他的每一句话,每一个字,都说得很慢,很仔细。
她靠近他,轻轻握住他的手。
“我为人狠毒,双手沾满鲜血,我做着自己曾经最不屑的事,在肮脏的权力旋涡里,摸爬滚打,苟延残喘”
她举头,遥指明月,转而嬉笑道:“师父你看,今天是十五诶。不过这瞻部的月色,还是没有我们牛贺的亮。”
玉采知道,她这是扯开话题,故意逗自己开心。
他柔声回道:“你这是典型的,相由心生。”
“你就不能附和我两句吗?”
“你这么一说,我也觉得,似乎周饶的满月,也不是那么圆。”
“玉老板,你这个人,怎么如此没有原则?”
安宁笑意盈盈,心花怒放。
她忽然觉得,两个人的距离,原来也不是那么远。
她抬头望天,又想找杯酒喝。
这酒啊,说戒就戒。白天在长老二的喜宴上,她都一口未动。
她想举杯,邀明月与她共舞。
玉采一定不知道,她的舞姿,也是一绝。
在她身为知生安宁的那十六年里,因为条件过于优渥,生活过于富足,加上又无修行的烦恼,她便发展成了吃喝玩乐的多面手,一个彻头彻尾的,娱乐型人才。
他侧头,看着她开心的模样,痴痴地笑了。
他的脸部僵硬,笑起来比哭还难看。
他缺少很多常人该有的表情,比如欢笑,比如悲伤。
他像戴着副面具般,永远是一脸淡然,一脸漠然。
或许,这世间,真就有这么一种面具,严丝合缝,毫无破绽。
或许,这世间,百态众生,不过都是顶着千百张面具的,行尸走肉。
“安宁,给我十年。”他轻声说道,“十年之后,我若还活着,定娶你为妻。你想知道的事,到时候我会毫无保留地,全部告诉你。”
“你若死了呢?”
“我若是死了”他望着安宁,眸色温润。
他将一生的悲喜,都深埋心底,一时竟不知如何作答。
她将头轻轻靠在他的肩上,望着自己的脚尖,笑着说道:“你放心,我一定照顾好自己,嫁个好人家,生上十个八个孩子。”
她明明在笑,声音却无端哽咽,她说:“每年到你祭日,我都会带着你的徒子徒孙,前来祭拜你。”

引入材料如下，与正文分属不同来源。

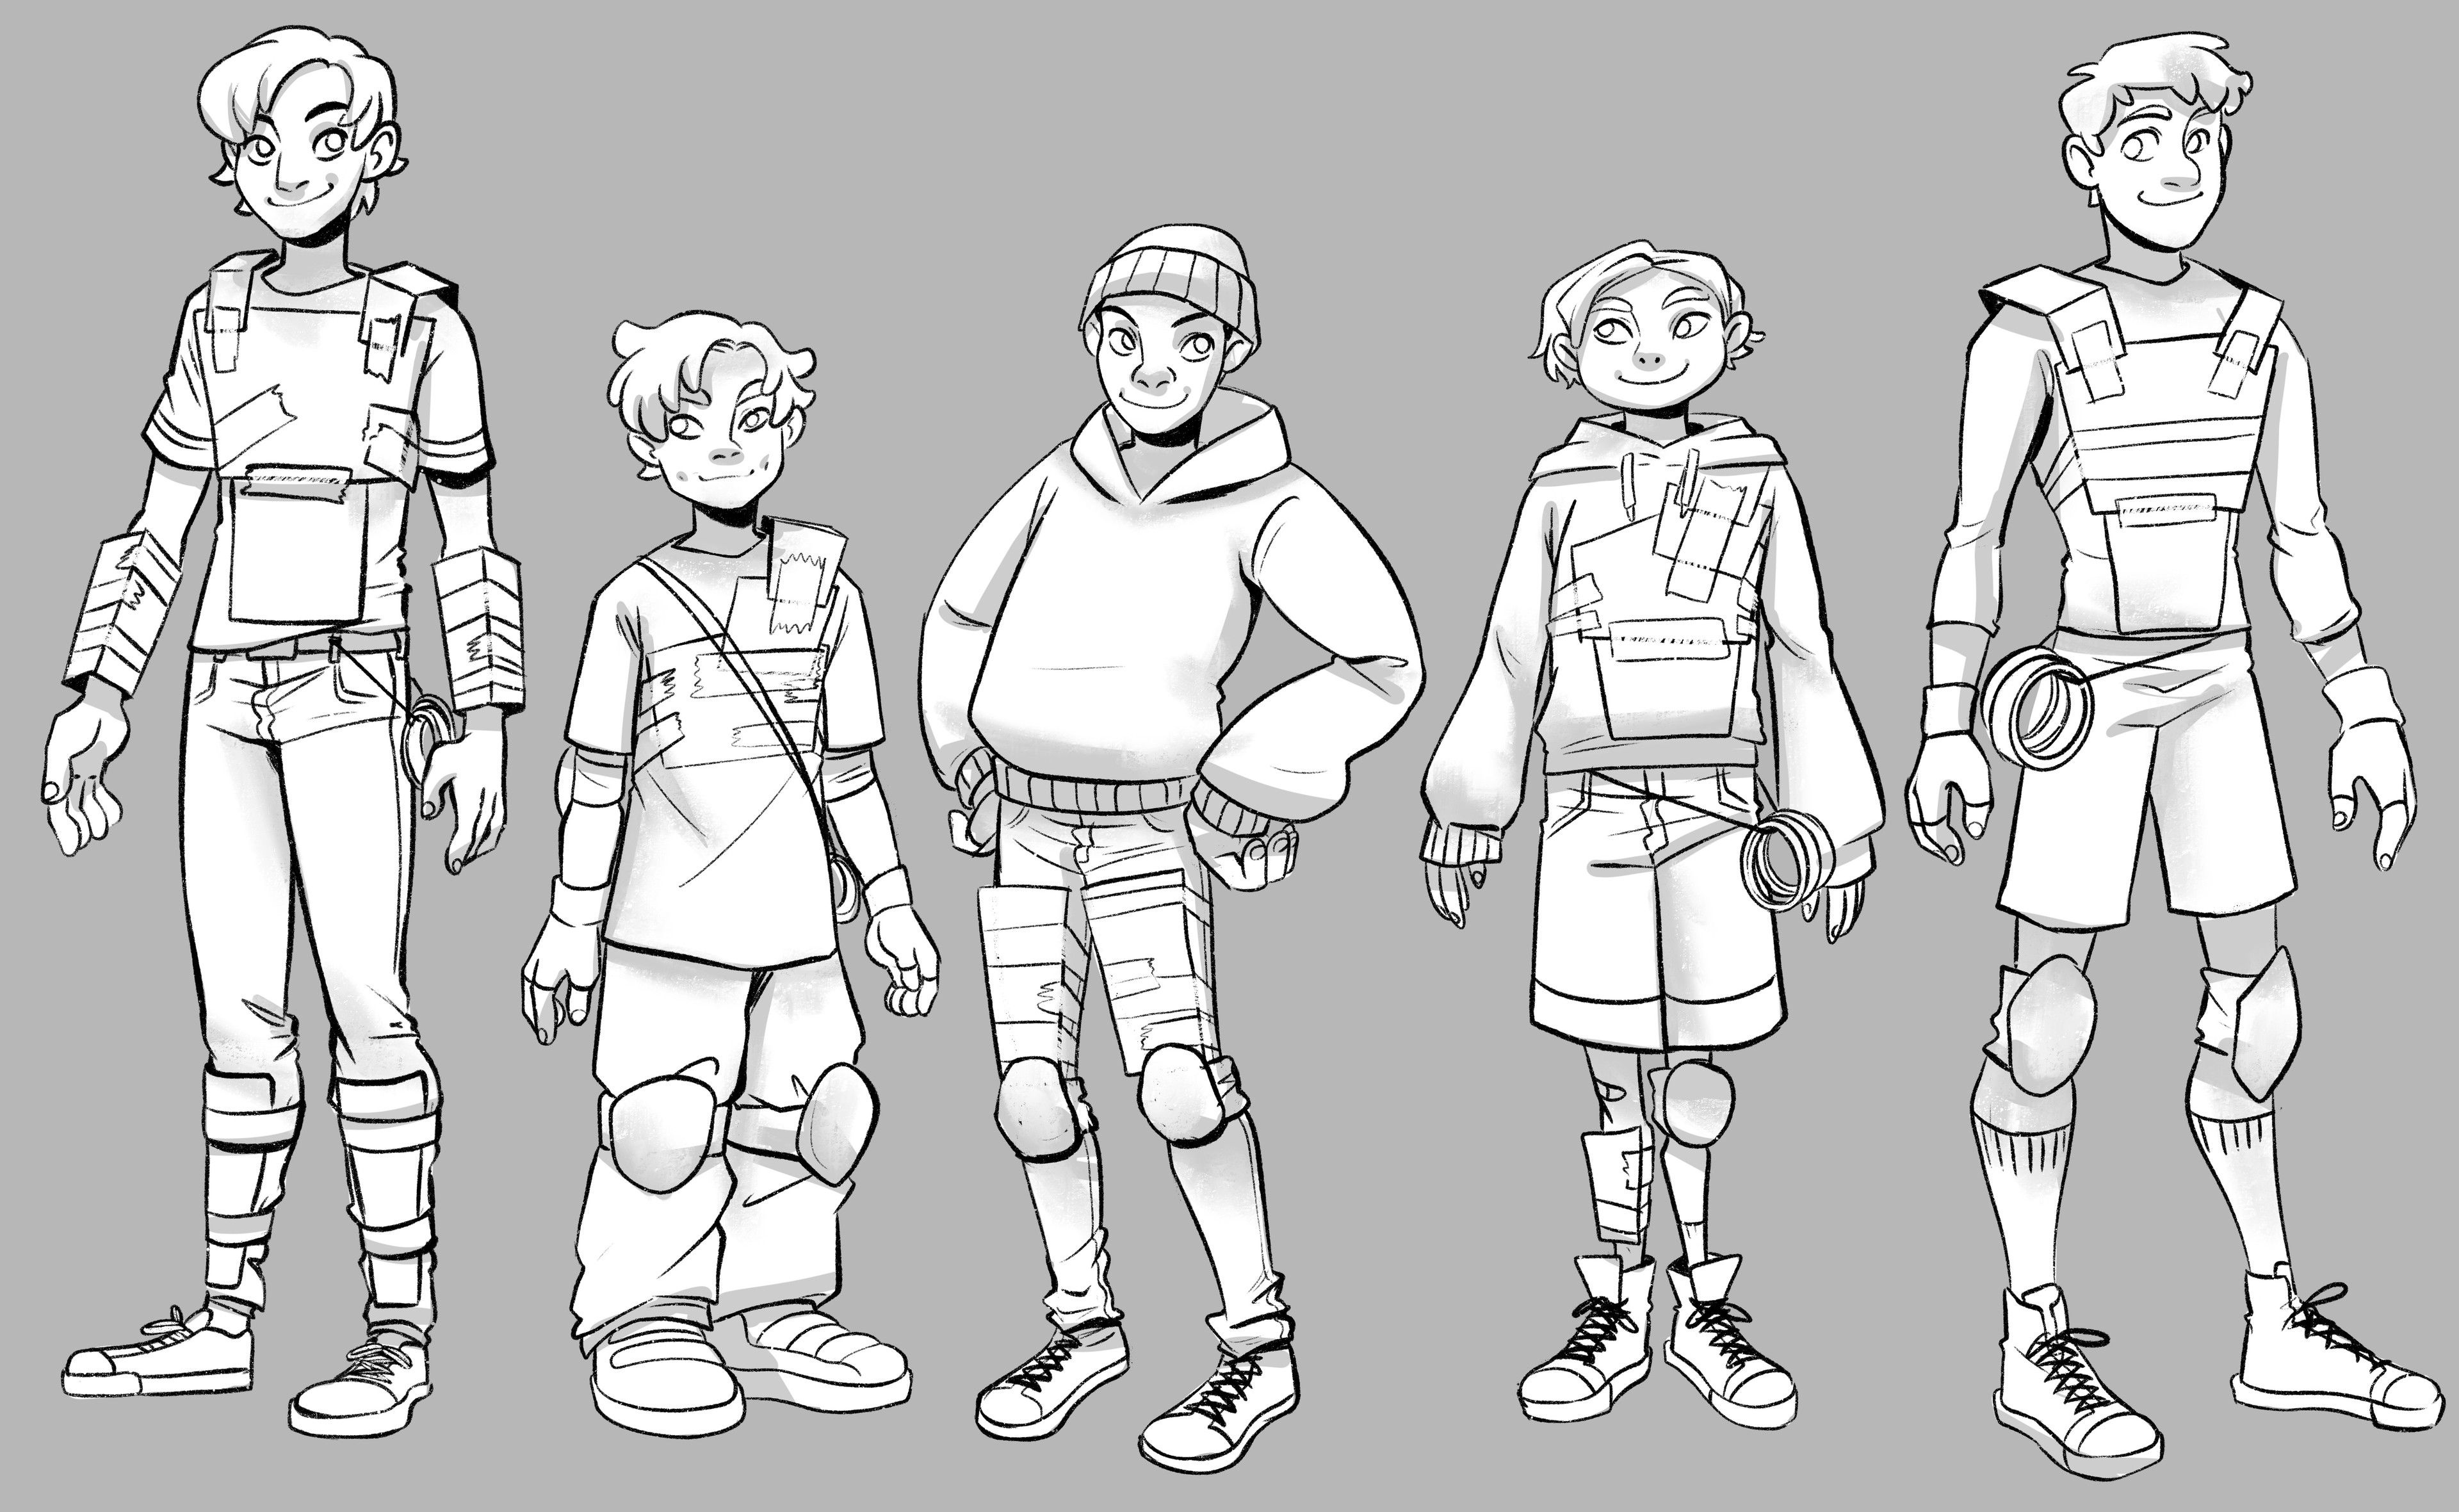 Here we were exploring other silhouettes and age difference, as well as clothing/armor. Since Jack would’ve stayed home for the first week, we wanted to show how “unprepared” he was by having handmade armor.

他轻轻将她搂住,贴在她耳侧说道:“安宁,如果你死了,我便终生不娶。”
她闻言,复又将头抬起,正视着玉采。
他长得不好看,一点也不好看。她却觉得,他的眉眼,他的唇齿,这般搭配,恰到好处。
因为,哪怕再好一分,她都会把持不住。
她伸手拍了一下他的胸膛,神经兮兮地怒道:“呸呸呸,你可别咒我,我还有大仇未报呢。”
“以你的资质,报仇至少再等三年。”
“那剩下的七年呢?”
十年之约,她显然当真了。
“我来接你。”
这样真好。
她适时沉默。
她没有再问,什么时候,哪一天,怎么接。
红光照逆旅,看不清眼前,一条长路。
她想起了,白天的时候,长略那一副油腻腻的样子。
这个人,真的是穿着喜服,也帅不过一眨眼功夫。所谓江山易改,本性难移。
他的吊儿郎当,油腔滑调,他的自由散漫,放荡不羁,还真是与生俱来。
安宁好生好奇,像鲁育这般的大家闺秀,泼辣睿智,敢爱敢恨,怎么就着了那长老二的道道呢?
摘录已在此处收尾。